FDR first met Jackson, who would go on to gain fame at the Nuremberg trials after the war, in Albany, New York, when Jackson was a young law student and FDR was a freshman senator in the New York State Legislature. Thanks to Jackson’s intense interest in Democratic politics, he made sure to stay in touch with the rising political star, and when FDR became president, Jackson was quite eager to accept FDR’s appointment in 1934 as general counsel in the Treasury Department’s Bureau of Revenue (the forerunner of the IRS). A series of further high-profile appointments within the Justice Department followed, and in July 1941 FDR nominated Jackson as an associate justice of the Supreme Court.2
The president, according to Jackson, seemed in fine spirits that evening. “He mixed some martinis,” Jackson recalled, and seemed cheerful and pleased at the progress of the war. He also retained his sense of humor. As the president was being wheeled into the State Dining Room from the Red Room, where drinks were served, one of his three dogs was lying in his path. Unable to move forward, FDR jocularly quipped, “Somebody move the dog—but not by air!” This remark brought a roar of laughter from all who heard it, owing to the recent (and erroneous) press allegations that his son Elliott had used his status to have his dog Blaze flown across the country on a military aircraft.3
Seated at a table covered with St. Patrick’s baubles—pipes, green hats, shamrocks, and potatoes stuck with small Irish flags—the president and his guests passed a pleasant evening. There was much teasing about FDR’s diplomatic faux pas at entertaining the House of Orange with Irish decorations in front of the Dutch princess. After dinner, the group watched a movie and viewed color-film footage taken during the president’s trip to Yalta and the Middle East with some commentary from FDR on the experience. At about 10:30 p.m., the Jacksons took their leave, but the president, despite the admonitions of his doctors to avoid late nights, continued to converse with Juliana, the Dutch ambassador, and a few of the other guests until 1:00 a.m.

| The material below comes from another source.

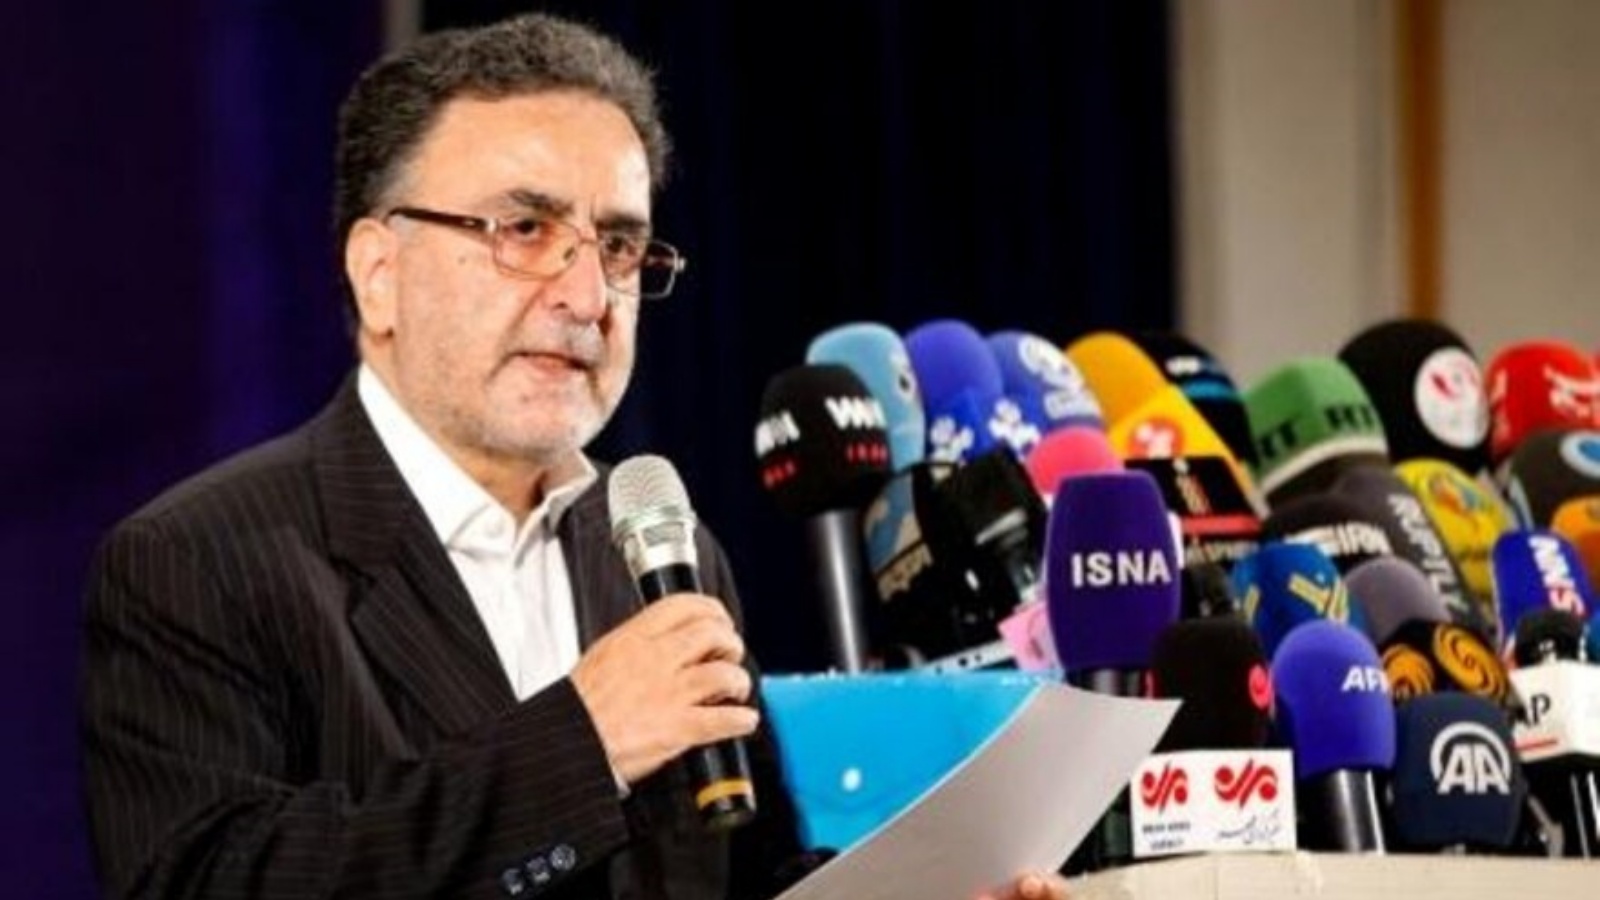  السياسي الإصلاحي مصطفى تاج زاده يتحدث للصحافيين بعد تقدّمه بطلب ترشح للانتخابات الرئاسية الإيرانية في 14 مايو 2021

In the meantime, as Justice Jackson drove home that evening his wife Irene suddenly said, “I don’t think we will ever see the President alive again.” “That’s damn nonsense,” Jackson replied; the president may have appeared weary at times, but Jackson did not think “he was in any danger.” Still, his wife—in a pattern that would repeat itself as FDR encountered friends and aides who had not seen him for some time—insisted that from where she was sitting, in full view of his face, she could see that he looked “awfully bad.”4
SUNDAY, MARCH 18, WAS PERHAPS THE QUIETEST DAY FDR SPENT IN Washington during this period in the
Oval Office. He held no appointments, aside from his duties as host of a luncheon in honor of Princess Juliana and fifteen other guests. After that, he and the princess set off on a leisurely afternoon drive in the Virginia countryside. In their initial light conversation, FDR—always proud of his Dutch heritage—inquired after Juliana’s daughter, and FDR’s godchild, Princess Margriet, as well as after Juliana’s parents, Queen Wilhelmina and her husband Prince Henry. He also intimated that at Churchill’s invitation, he and Eleanor hoped to make a trip to England in June. But it was impossible to keep the war at bay. Part of the reason that Juliana was so anxious to visit the White House, in fact, was to pass directly into the president’s hands an eight-page memorandum written by her mother describing the desperate situation in the areas of the Netherlands still under occupation. Not mincing any words, the memorandum detailed the horrific conditions under which the people of Amsterdam, The Hague, Rotterdam, Utrecht, and many other Dutch cities were living, devoid of fuel for the winter and reduced to a diet of one loaf of bread and five potatoes per person, per week.